Furthermore, if one were to approach such a situation with the best intention of pointing out the deadly boredom of the sermon, or of asking if anyone had noticed that most of the students were falling asleep, it may well happen, egos of the under-educated being what they are, that one is firmly disinvited from visiting that surau ever again.

Now, had that we had informed ourselves of the realities of human brain function, even as now being explored with the newest forms of brain scanning technologies as mentioned above, perhaps the young people would have shown some interest.

In any case, NOTHING can stop the forward march of science and technology, and until Muslims are willing to spend TIME and MONEY on collating their religious wisdom with the most updated of laboratory experiments, they will remain in the background of human progress, in spite of their having been given Revealed Knowledge.

Indeed, seeking knowledge has a special position in Islam. Allah swt said what means “Is one who worships devoutly during the hours of the night, prostrating himself or standing (in adoration), who takes heed of the hereafter, and who places his hope in the Mercy of his Lord (line one who does not)? Say: “Are those equal, those who know and those who do not know?” It is those who are endued with understanding that receive admonition.” (Az-Zumar: 9). Instead of focusing on knowledge seeking, we seem to be building ever bigger and more expensive housing projects surrounding the Masjidil Haram, and so on. And we are forfeiting the most effective form of da’wah, that which is confirmed by scientific evidence.
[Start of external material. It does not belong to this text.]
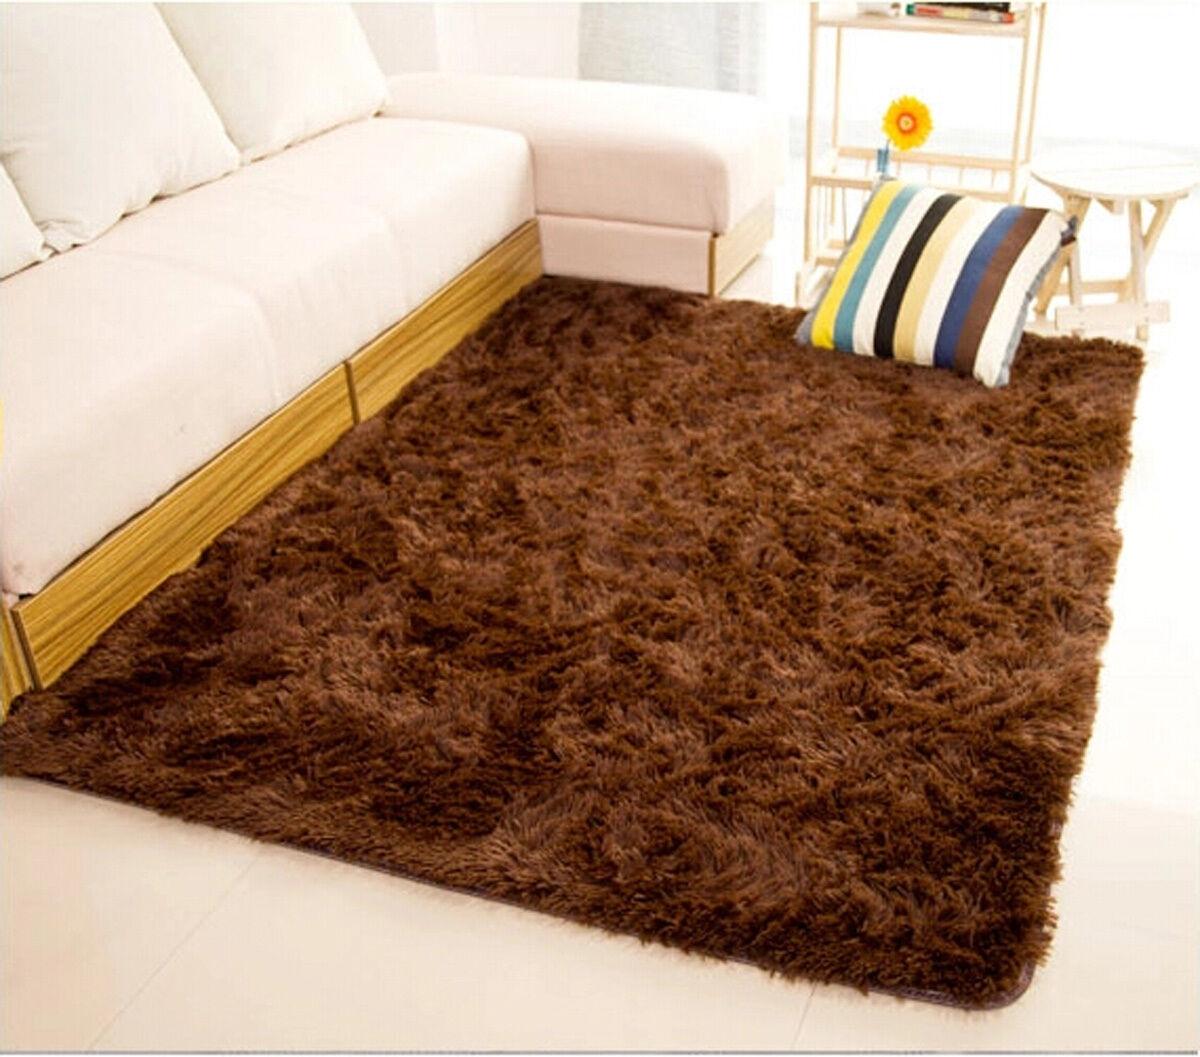 Fluffy Rugs Anti Skid Gy Area Rug Dining Room Home Bedroom Carpet Floor Mat Brown Ebay
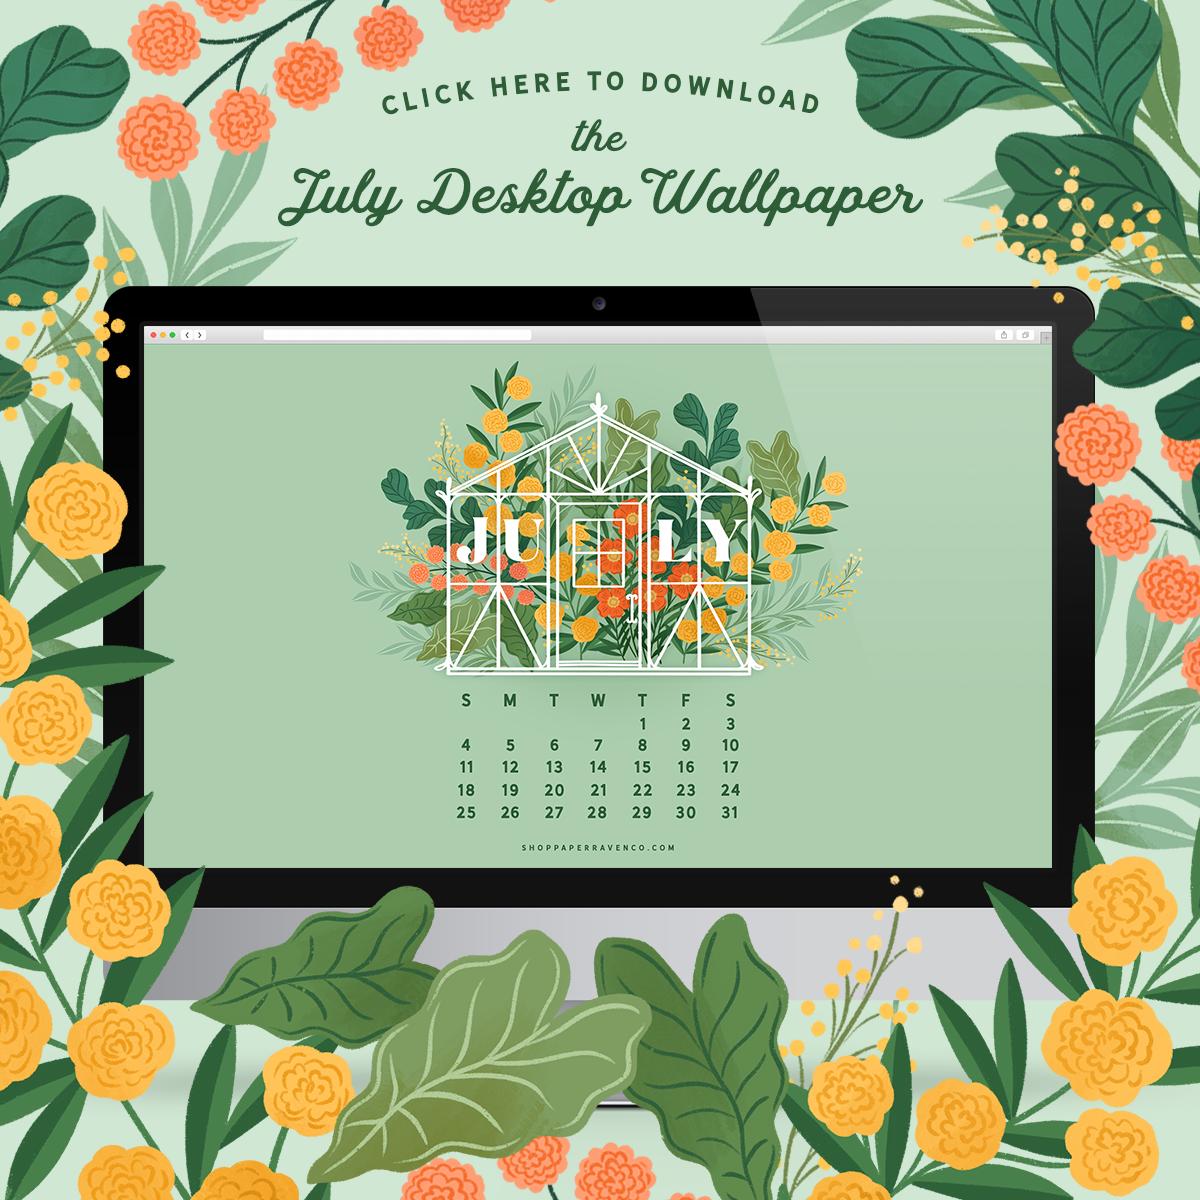 July 2021 Illustrated Desktop Wallpaper by Paper Raven Co. #dressyourtech #desktopwallpaper #desktopdownload

Meanwhile, those pesky Americans, in spite of their mega-buck corruption and military adventures, are going right ahead with successful space visits (captained by a lady astronaut on one occasion), looking for “Higg’s boson” (the secret of how Big Bang turned into the material universe in the first place), and so on.

After our Malaysian astronaut visited space with Russian training in a Russian space ship, the Malaysian “space program” seems to have an uncertain future. What a pity. How can young people have any respect or patience with such policies? The payoff from any “space program” is in the spin-offs. We owe the entire computer revolution to the American Apollo Moon Program.

As for the Tariqah movement in Morocco, it humanizes Islam and unifies its people, without fascist paranoia from the government. Zikr can heal wounds, as many of us can testify from personal experience.

Under present Malaysian government policies, Tariqah devotees sneak along the back alleys of Kuala Lumpur and the Islamic University Campus, being very careful not to “rock the boat” or draw attention to themselves with such items as faith healing, or the barakah they pick up from the Prophet Muhammad (s.a.w) himself. They must avoid frightening the governmental powers who imagine they are in charge of the country.

What we need is zikir-based tuition study. Let the young (and old!) explore ways of “remembering Allah” to the point of group mind­fulness, empathy, and other social consciousness, stimulating right brain rather than left. If they do, many blessings can occur. The young may even drop their Mat Rempit needs in favor of something else, such as re-dedication to their obligatory prayers and other religious duties.

A certain Muslim convert wanted to explore a zikir group, but he said that before he entered that room, he wanted to know WHAT REALLY WENT ON there (a typical left-brain demand). He was told that whatever it was, it was not likely to go on anywhere else, so he would never know unless he entered of his own free will, in a state of FAITH AND TRUST. Lo and behold, it may be something new in life. Malaysian youth always love something new. Indeed, Allah’s blessings are so often a big surprise!